▶ **TASK PROMPT**
Your answer must be the listing repeated word for word, without its pictures.

▶ **DATA SHOWN**

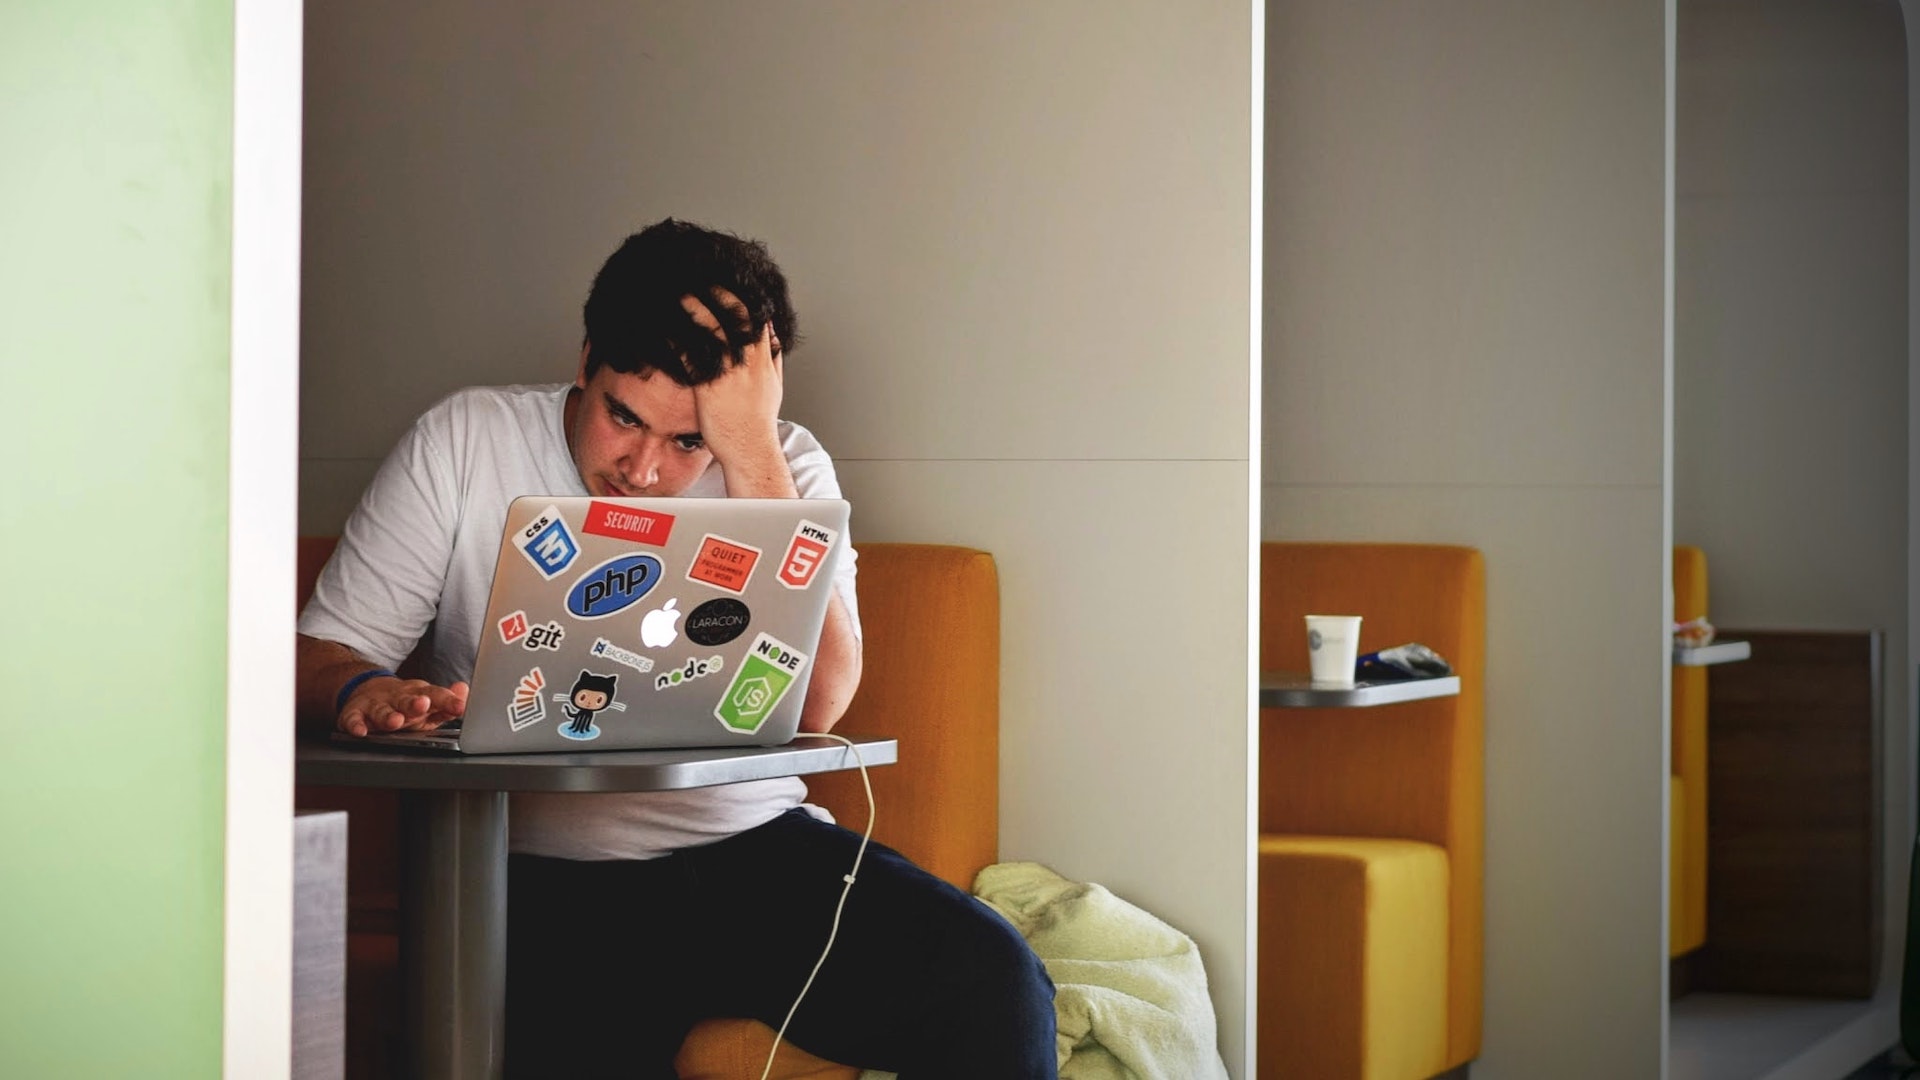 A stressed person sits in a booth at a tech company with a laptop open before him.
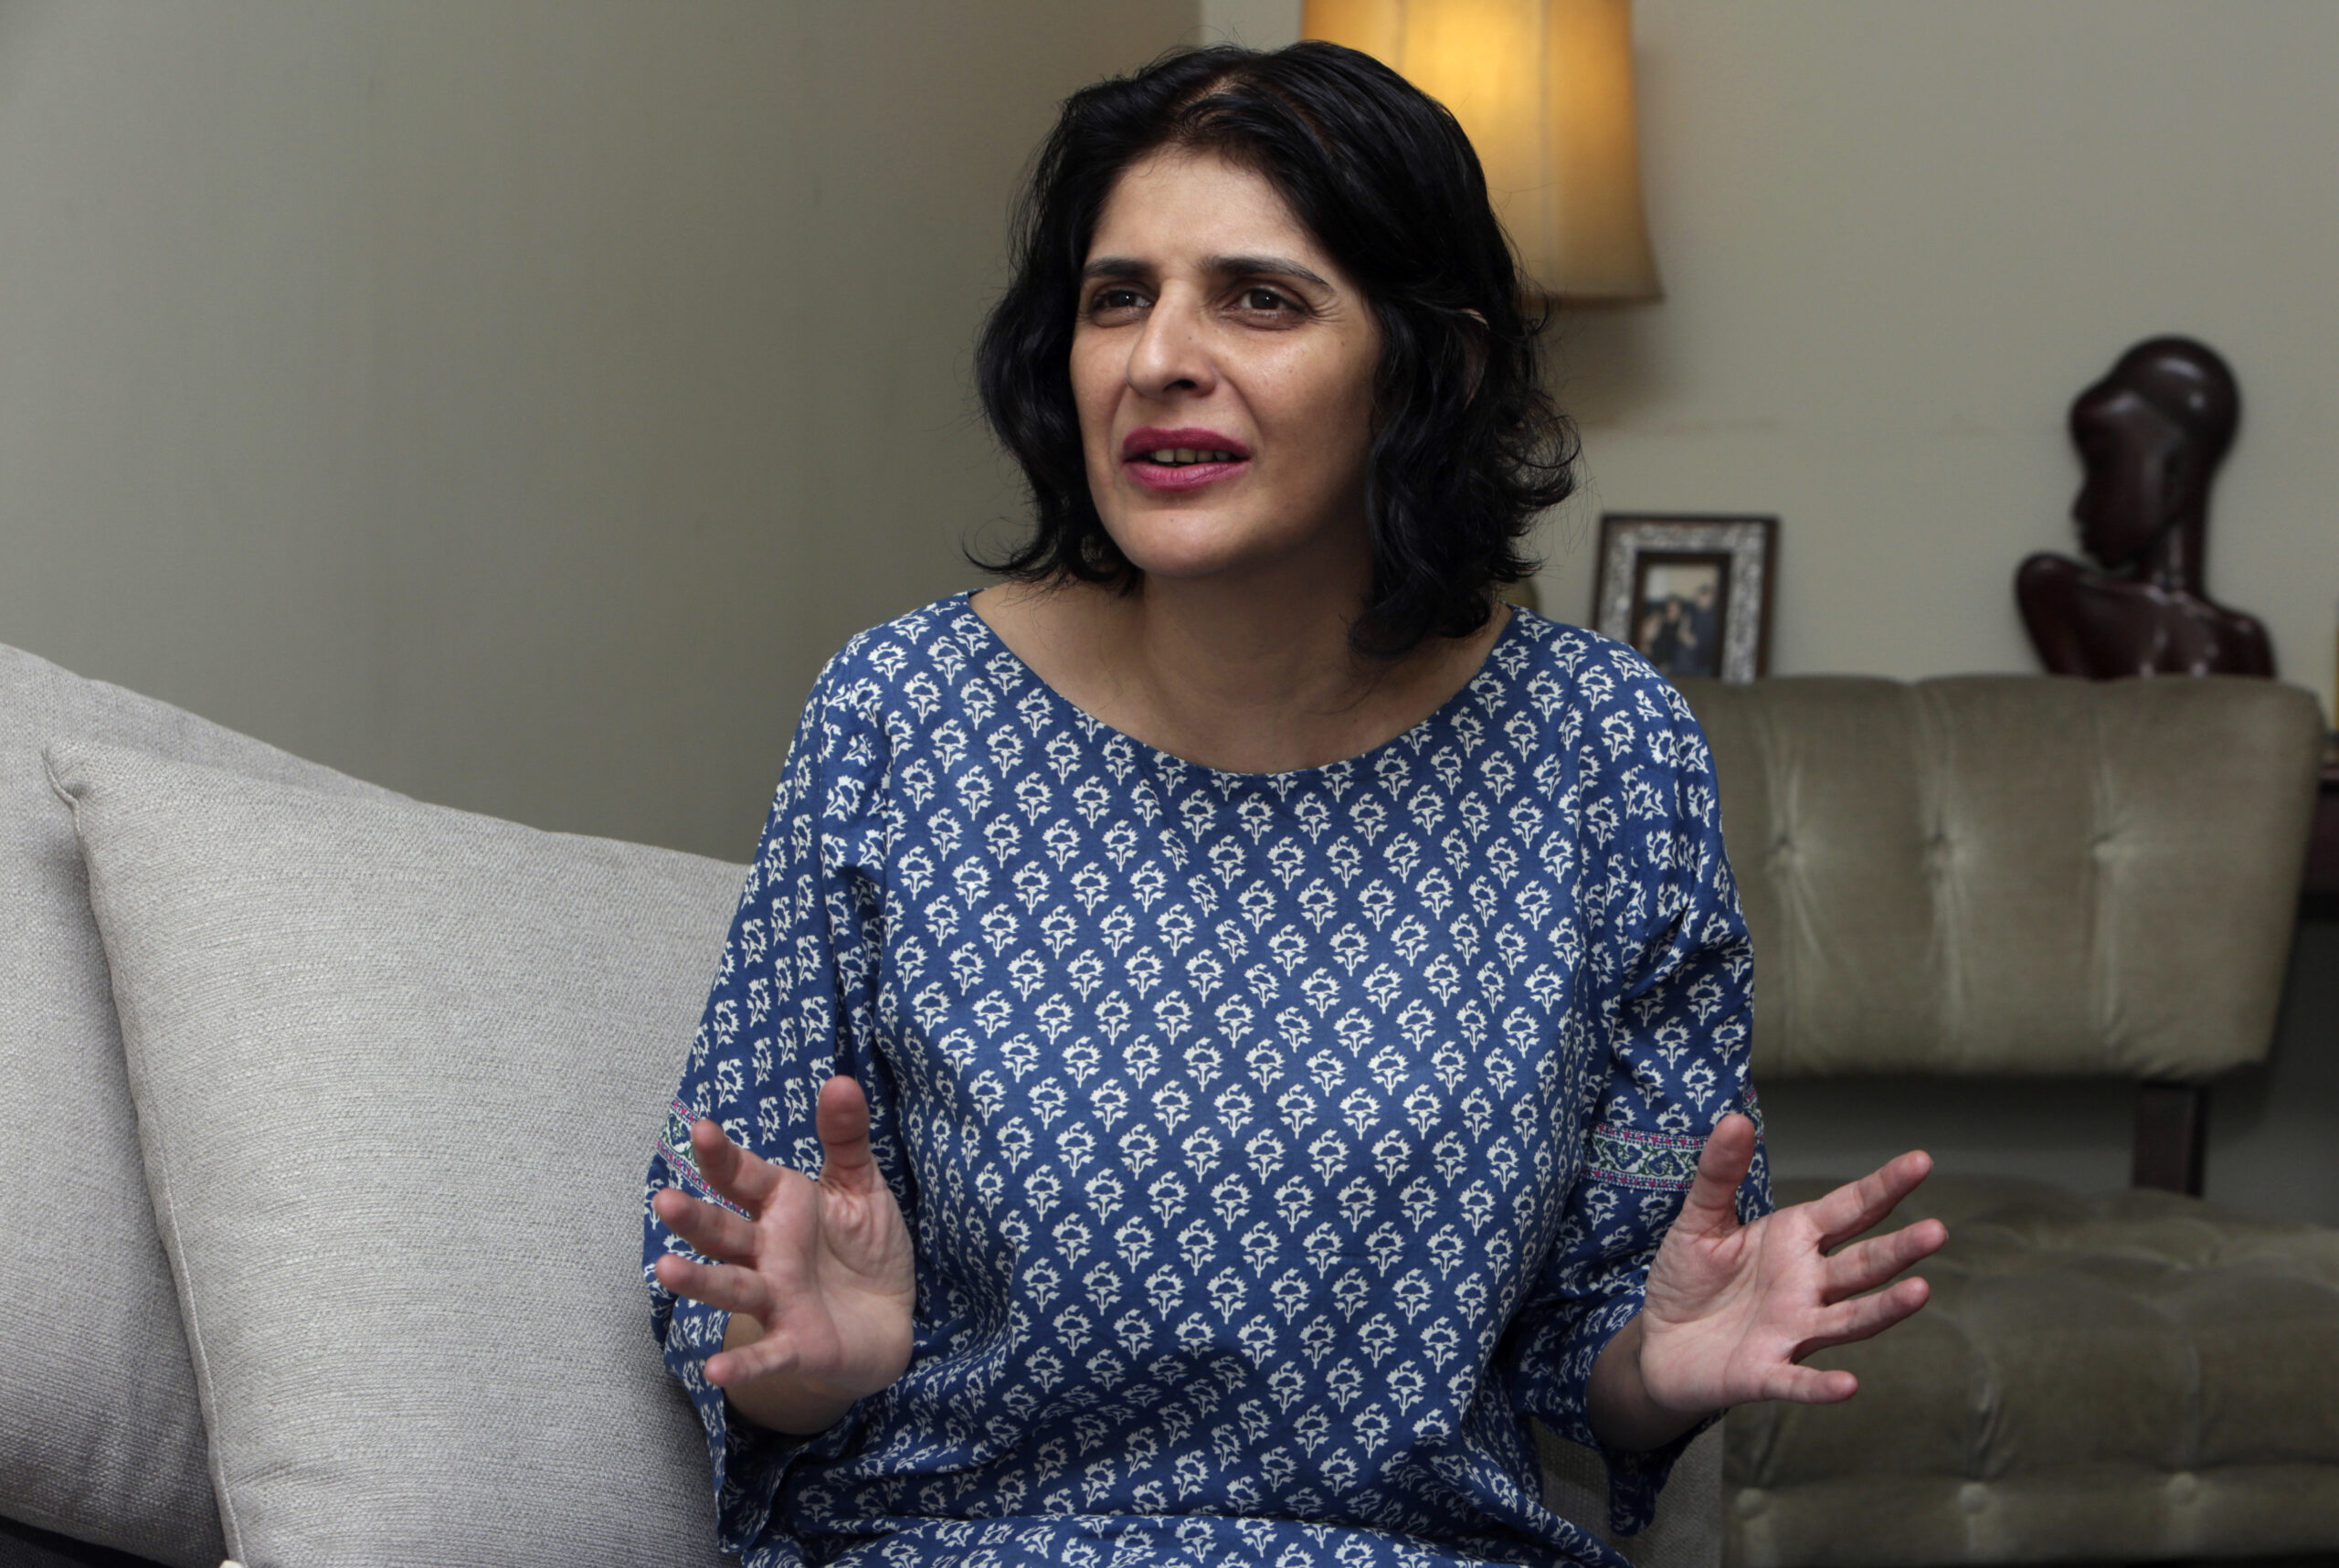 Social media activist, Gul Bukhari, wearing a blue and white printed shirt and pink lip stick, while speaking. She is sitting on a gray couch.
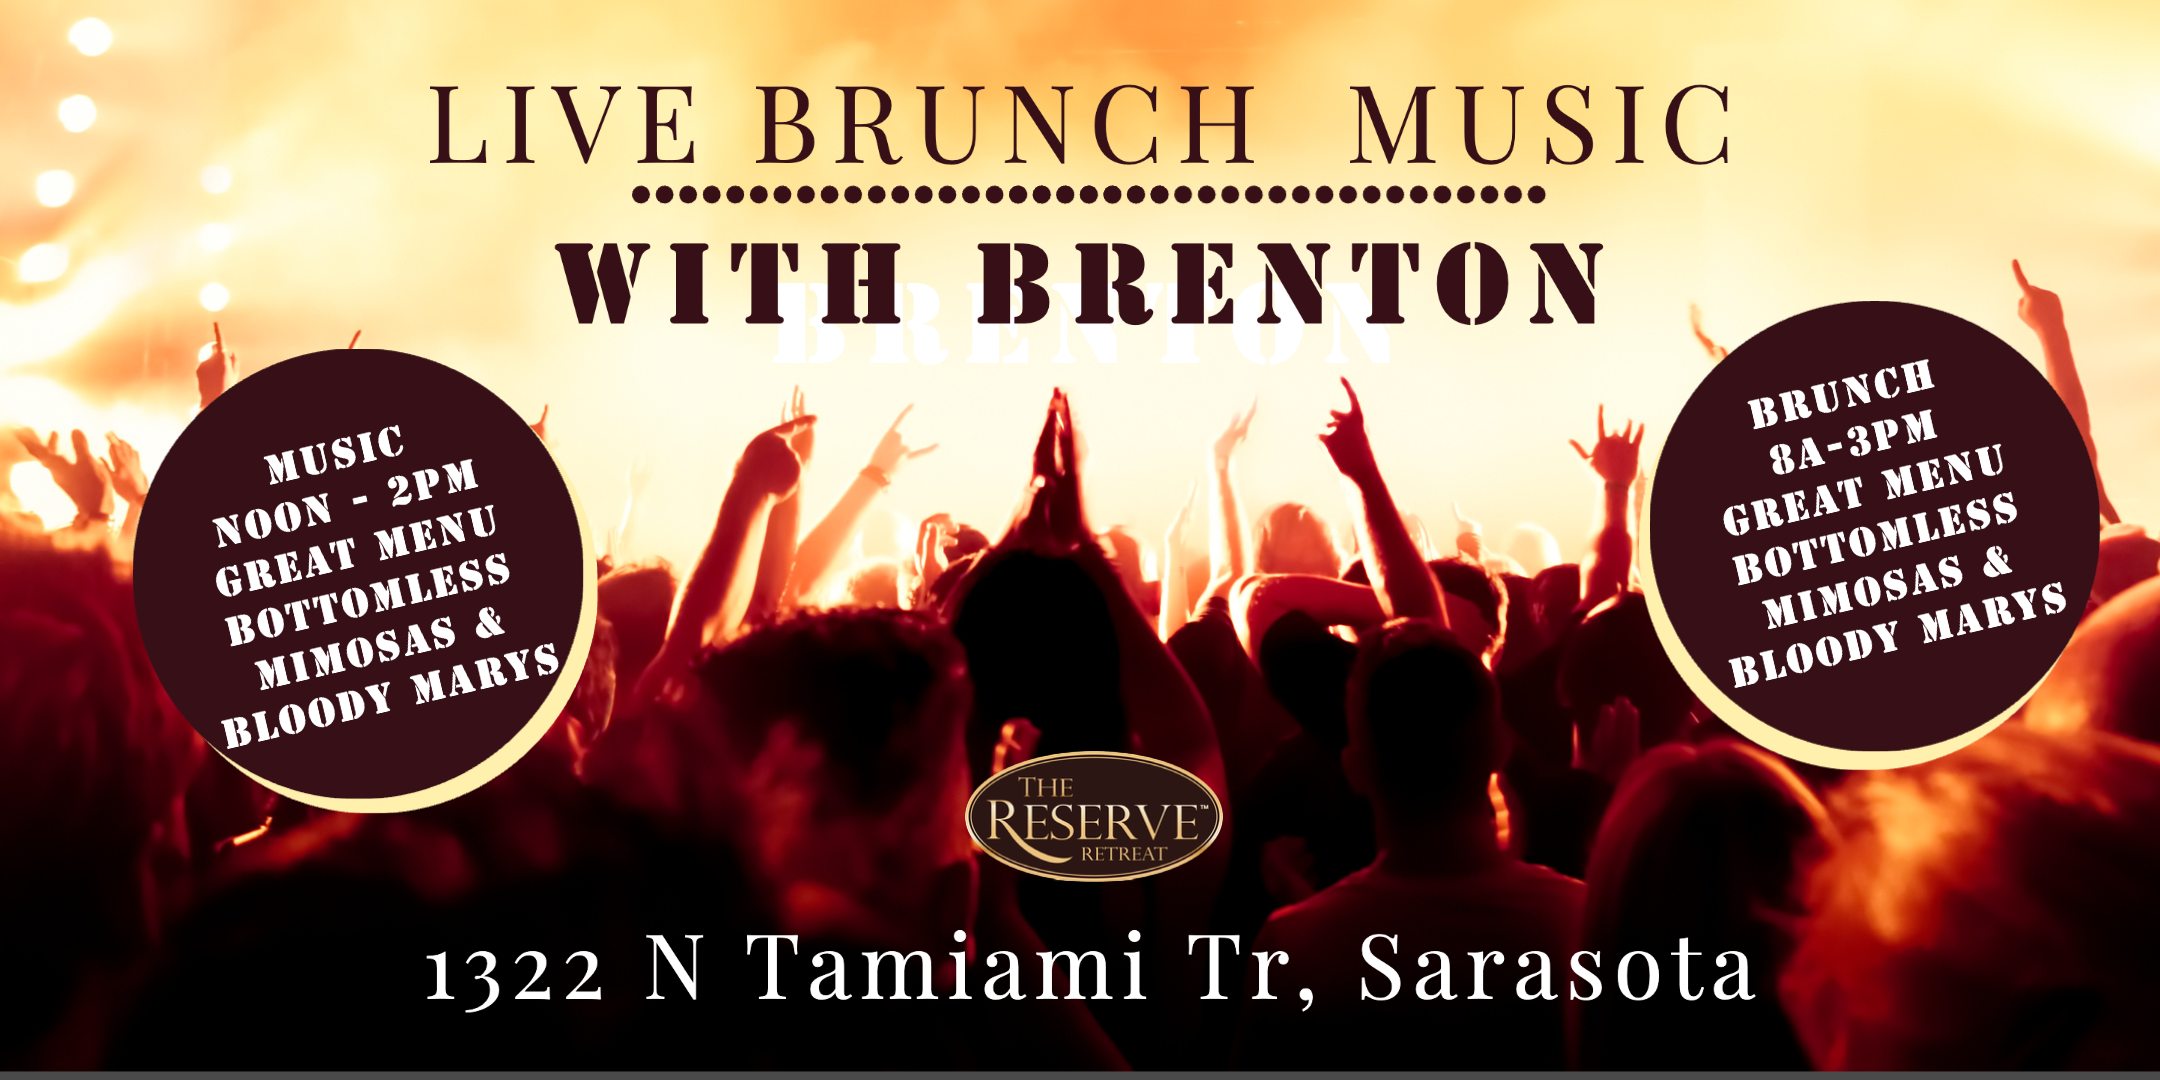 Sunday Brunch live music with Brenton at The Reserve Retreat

▶ **RESULT**
 A stressed person sits in a booth at a tech company with a laptop open before him.
 Social media activist, Gul Bukhari, wearing a blue and white printed shirt and pink lip stick, while speaking. She is sitting on a gray couch.
 Sunday Brunch live music with Brenton at The Reserve Retreat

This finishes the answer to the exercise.